Exercise brief => Return every line from the one with "Emaillierte brutalistische Kupferuhr" through the one with "中文分词技术的研究现状与困难", inclusive, exactly as it appears below.

Source records

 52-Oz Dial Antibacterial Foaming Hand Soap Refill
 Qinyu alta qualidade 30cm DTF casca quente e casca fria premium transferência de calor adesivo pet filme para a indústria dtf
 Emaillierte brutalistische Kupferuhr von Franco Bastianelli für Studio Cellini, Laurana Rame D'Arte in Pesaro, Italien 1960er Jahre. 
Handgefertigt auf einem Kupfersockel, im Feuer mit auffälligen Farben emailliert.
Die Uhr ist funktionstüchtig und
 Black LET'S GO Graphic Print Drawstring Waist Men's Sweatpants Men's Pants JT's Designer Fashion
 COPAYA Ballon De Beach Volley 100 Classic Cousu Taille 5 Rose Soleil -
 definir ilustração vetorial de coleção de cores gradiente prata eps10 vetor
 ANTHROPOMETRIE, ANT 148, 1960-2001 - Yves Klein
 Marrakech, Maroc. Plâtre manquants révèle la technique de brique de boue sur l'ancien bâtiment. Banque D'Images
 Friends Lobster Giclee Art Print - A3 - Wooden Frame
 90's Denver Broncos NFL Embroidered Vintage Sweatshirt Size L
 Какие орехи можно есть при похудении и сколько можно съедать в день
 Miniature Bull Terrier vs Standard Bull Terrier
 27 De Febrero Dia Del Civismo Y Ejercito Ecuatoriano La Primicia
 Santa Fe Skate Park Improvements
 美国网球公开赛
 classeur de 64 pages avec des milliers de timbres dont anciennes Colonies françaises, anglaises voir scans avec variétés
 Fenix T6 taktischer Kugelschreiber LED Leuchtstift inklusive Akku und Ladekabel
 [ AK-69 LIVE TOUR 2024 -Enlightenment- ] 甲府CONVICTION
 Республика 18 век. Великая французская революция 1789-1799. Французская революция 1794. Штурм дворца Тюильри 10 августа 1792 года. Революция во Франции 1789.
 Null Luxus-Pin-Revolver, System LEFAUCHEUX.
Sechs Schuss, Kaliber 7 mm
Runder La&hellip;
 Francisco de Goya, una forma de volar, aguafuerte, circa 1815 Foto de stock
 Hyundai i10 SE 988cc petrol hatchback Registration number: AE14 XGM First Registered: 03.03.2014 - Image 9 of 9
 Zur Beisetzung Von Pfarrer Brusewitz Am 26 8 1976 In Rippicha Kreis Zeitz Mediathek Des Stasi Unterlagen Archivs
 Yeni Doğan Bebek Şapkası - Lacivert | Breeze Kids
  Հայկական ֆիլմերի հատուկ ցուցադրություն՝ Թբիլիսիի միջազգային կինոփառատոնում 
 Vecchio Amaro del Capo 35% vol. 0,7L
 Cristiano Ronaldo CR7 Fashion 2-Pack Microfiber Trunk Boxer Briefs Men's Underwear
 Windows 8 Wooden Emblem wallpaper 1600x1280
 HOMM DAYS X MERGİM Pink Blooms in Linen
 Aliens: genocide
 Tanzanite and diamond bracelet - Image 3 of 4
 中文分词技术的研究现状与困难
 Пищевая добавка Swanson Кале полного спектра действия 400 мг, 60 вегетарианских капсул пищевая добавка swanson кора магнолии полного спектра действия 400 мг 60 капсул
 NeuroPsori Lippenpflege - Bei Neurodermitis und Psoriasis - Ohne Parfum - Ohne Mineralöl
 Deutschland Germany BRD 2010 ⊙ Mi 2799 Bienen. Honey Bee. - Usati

Answer area =>
 Emaillierte brutalistische Kupferuhr von Franco Bastianelli für Studio Cellini, Laurana Rame D'Arte in Pesaro, Italien 1960er Jahre. 
Handgefertigt auf einem Kupfersockel, im Feuer mit auffälligen Farben emailliert.
Die Uhr ist funktionstüchtig und
 Black LET'S GO Graphic Print Drawstring Waist Men's Sweatpants Men's Pants JT's Designer Fashion
 COPAYA Ballon De Beach Volley 100 Classic Cousu Taille 5 Rose Soleil -
 definir ilustração vetorial de coleção de cores gradiente prata eps10 vetor
 ANTHROPOMETRIE, ANT 148, 1960-2001 - Yves Klein
 Marrakech, Maroc. Plâtre manquants révèle la technique de brique de boue sur l'ancien bâtiment. Banque D'Images
 Friends Lobster Giclee Art Print - A3 - Wooden Frame
 90's Denver Broncos NFL Embroidered Vintage Sweatshirt Size L
 Какие орехи можно есть при похудении и сколько можно съедать в день
 Miniature Bull Terrier vs Standard Bull Terrier
 27 De Febrero Dia Del Civismo Y Ejercito Ecuatoriano La Primicia
 Santa Fe Skate Park Improvements
 美国网球公开赛
 classeur de 64 pages avec des milliers de timbres dont anciennes Colonies françaises, anglaises voir scans avec variétés
 Fenix T6 taktischer Kugelschreiber LED Leuchtstift inklusive Akku und Ladekabel
 [ AK-69 LIVE TOUR 2024 -Enlightenment- ] 甲府CONVICTION
 Республика 18 век. Великая французская революция 1789-1799. Французская революция 1794. Штурм дворца Тюильри 10 августа 1792 года. Революция во Франции 1789.
 Null Luxus-Pin-Revolver, System LEFAUCHEUX.
Sechs Schuss, Kaliber 7 mm
Runder La&hellip;
 Francisco de Goya, una forma de volar, aguafuerte, circa 1815 Foto de stock
 Hyundai i10 SE 988cc petrol hatchback Registration number: AE14 XGM First Registered: 03.03.2014 - Image 9 of 9
 Zur Beisetzung Von Pfarrer Brusewitz Am 26 8 1976 In Rippicha Kreis Zeitz Mediathek Des Stasi Unterlagen Archivs
 Yeni Doğan Bebek Şapkası - Lacivert | Breeze Kids
  Հայկական ֆիլմերի հատուկ ցուցադրություն՝ Թբիլիսիի միջազգային կինոփառատոնում 
 Vecchio Amaro del Capo 35% vol. 0,7L
 Cristiano Ronaldo CR7 Fashion 2-Pack Microfiber Trunk Boxer Briefs Men's Underwear
 Windows 8 Wooden Emblem wallpaper 1600x1280
 HOMM DAYS X MERGİM Pink Blooms in Linen
 Aliens: genocide
 Tanzanite and diamond bracelet - Image 3 of 4
 中文分词技术的研究现状与困难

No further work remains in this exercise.